*** Opening Given information ***

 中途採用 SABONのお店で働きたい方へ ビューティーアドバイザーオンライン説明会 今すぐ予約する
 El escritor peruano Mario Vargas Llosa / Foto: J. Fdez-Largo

*** Closing Given information ***
*** Opening Given information ***

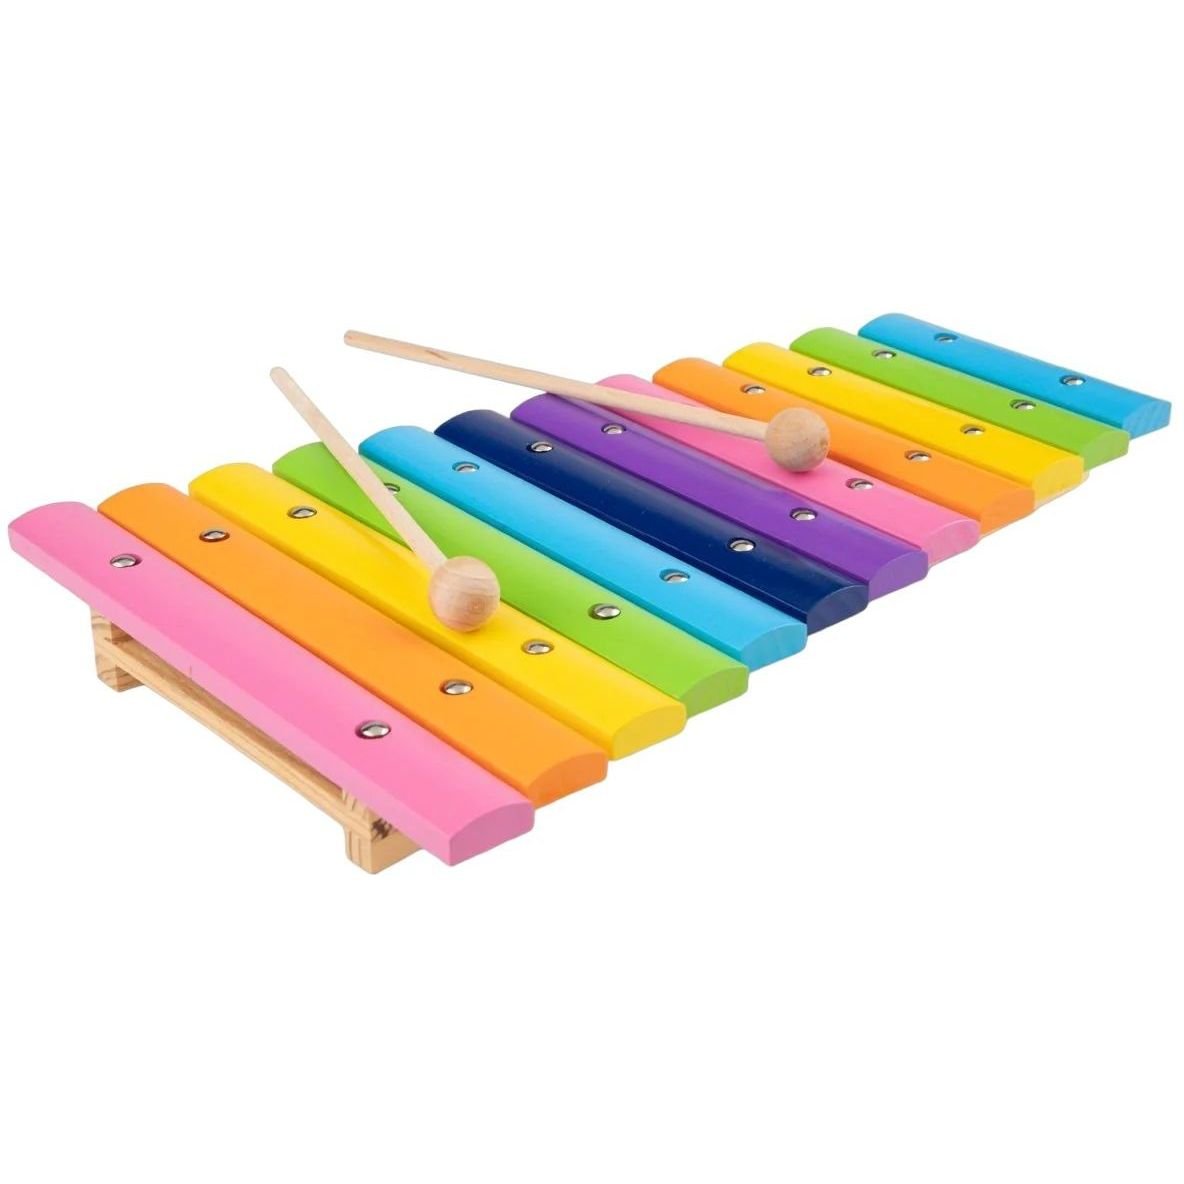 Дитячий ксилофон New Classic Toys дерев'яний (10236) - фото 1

*** Closing Given information ***
*** Opening Given information ***

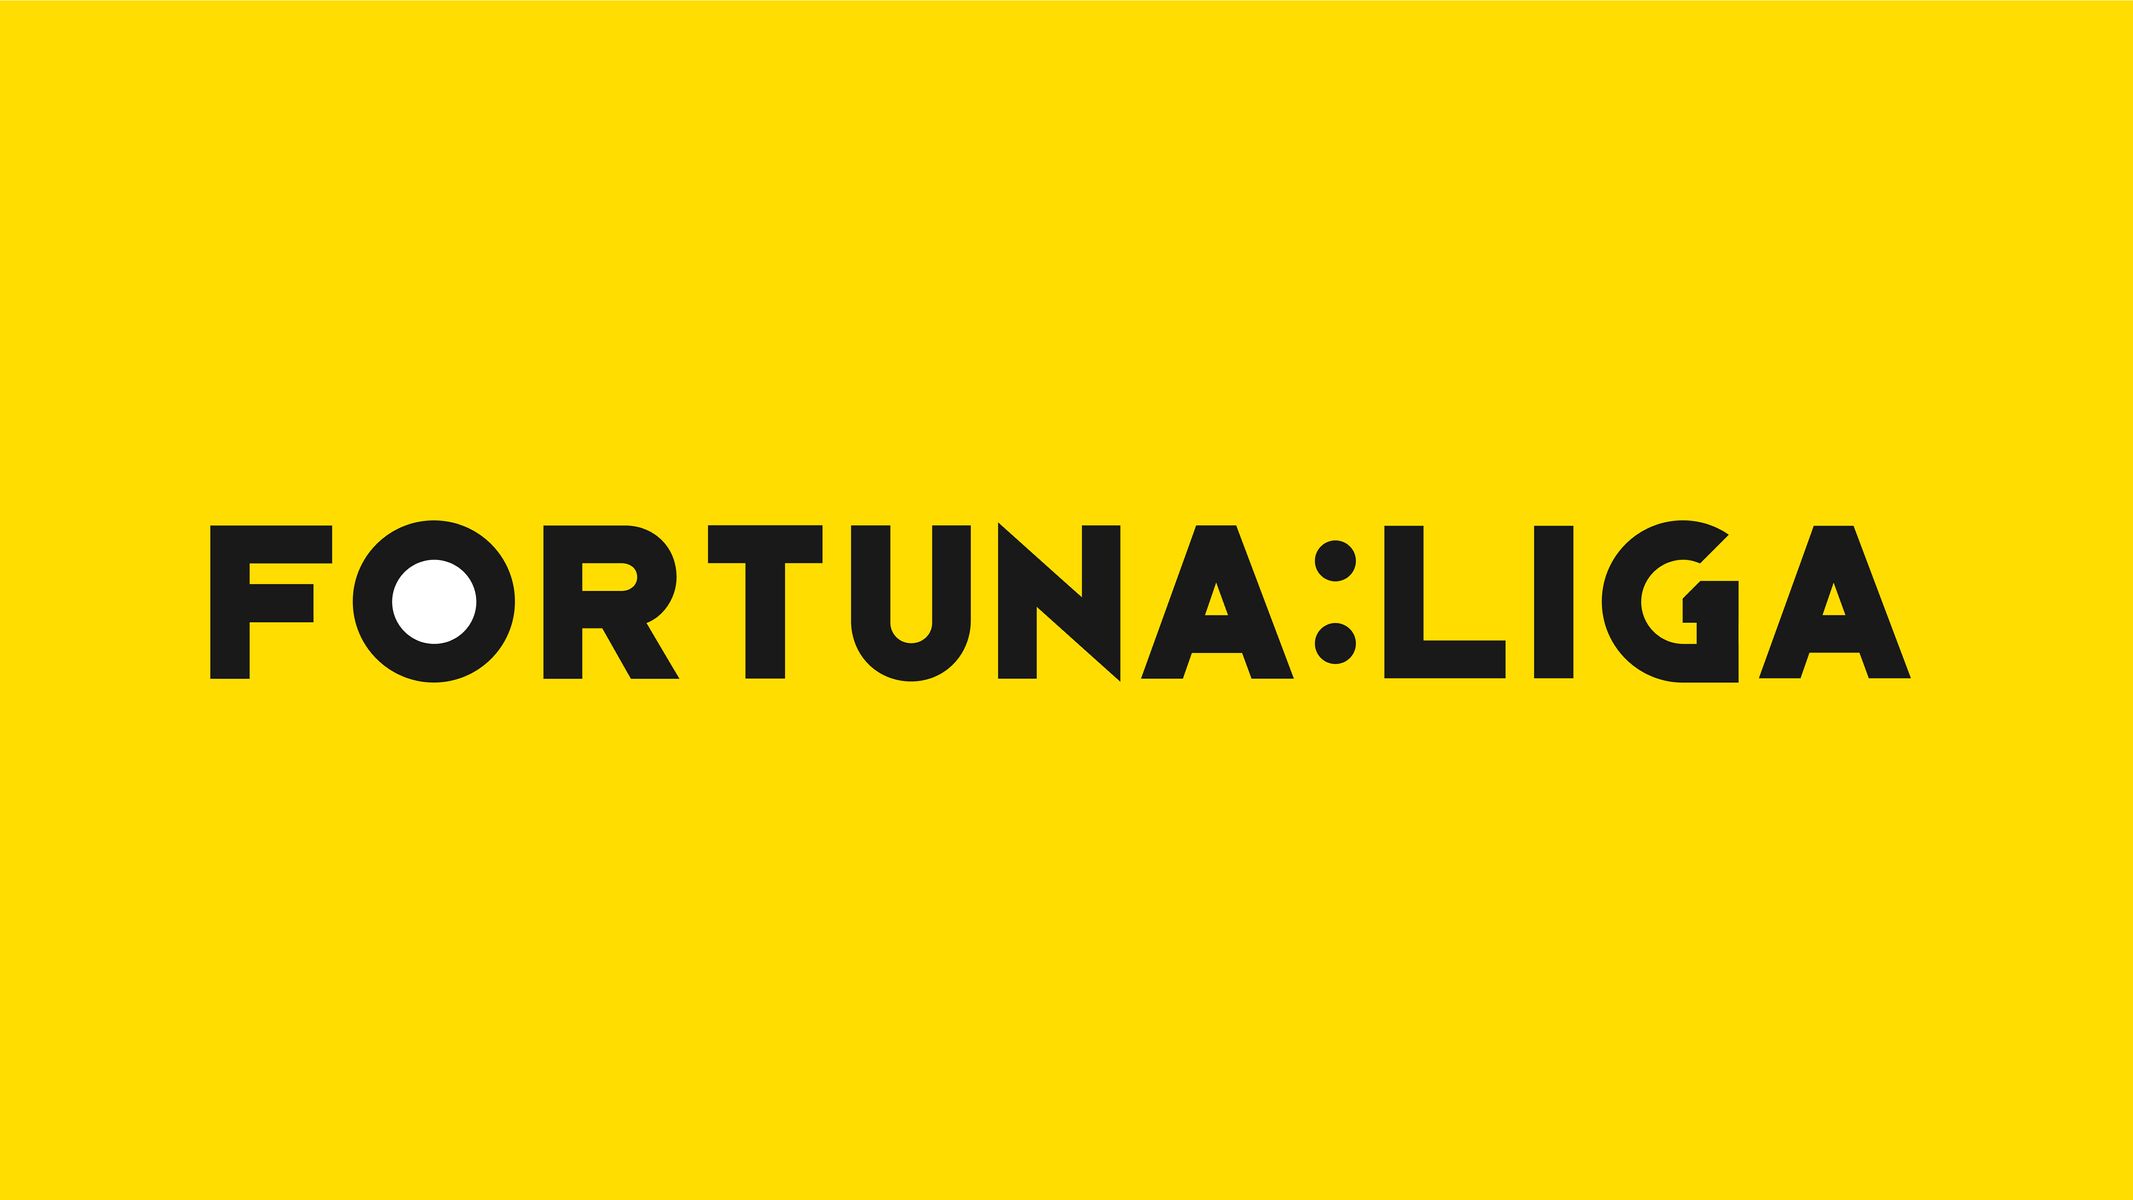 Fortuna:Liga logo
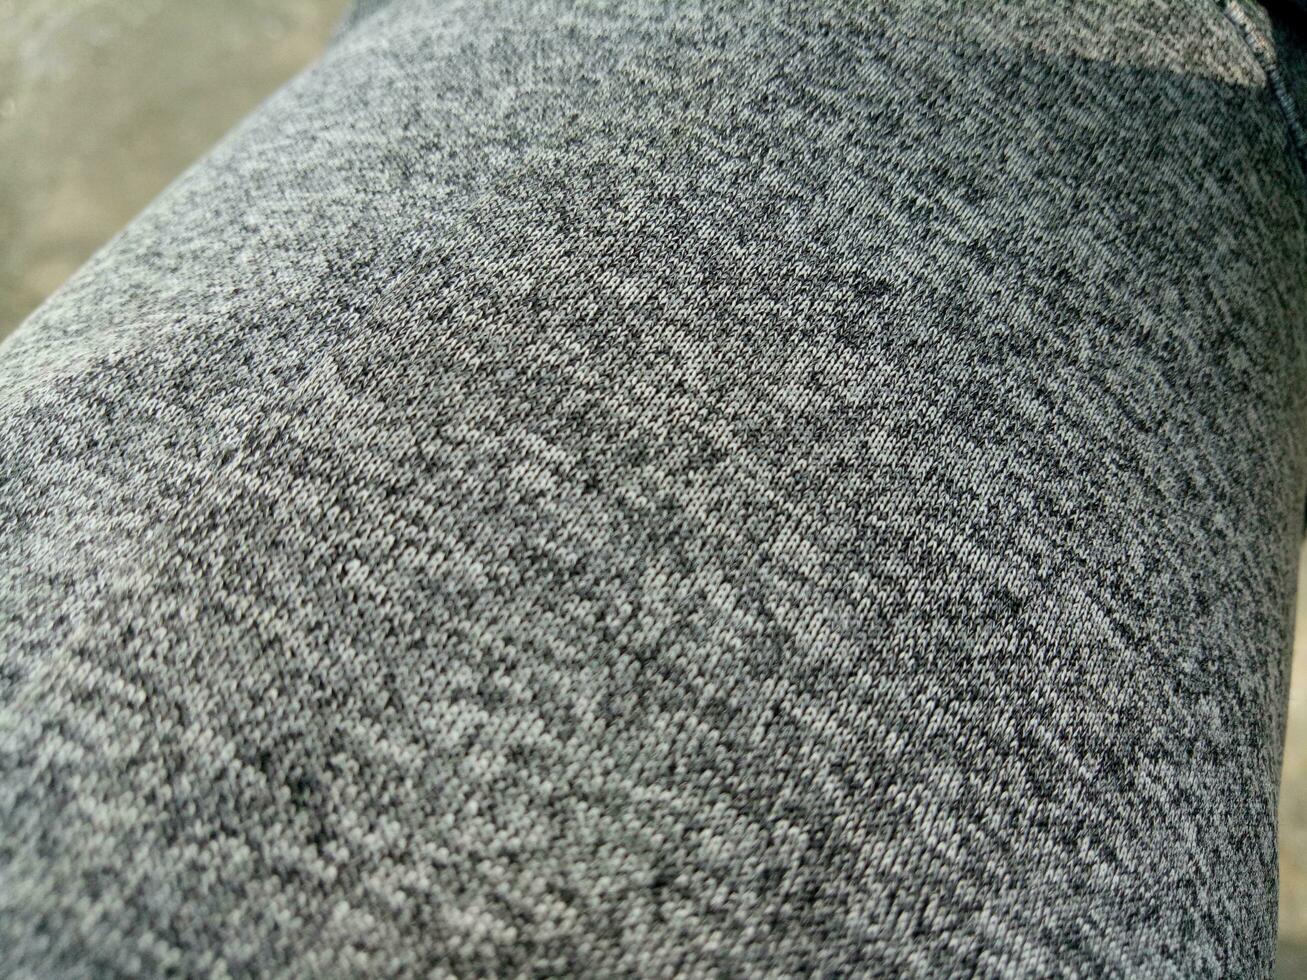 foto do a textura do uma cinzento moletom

*** Closing Given information ***

■ **Work order**: From the entries above, give again exactly the lines running from the line with "中途採用 SABONのお店で働きたい方へ ビューティーアドバイザーオンライン説明会" to the line with "El escritor peruano"; include both of those lines.

■ **Response area**:
 中途採用 SABONのお店で働きたい方へ ビューティーアドバイザーオンライン説明会 今すぐ予約する
 El escritor peruano Mario Vargas Llosa / Foto: J. Fdez-Largo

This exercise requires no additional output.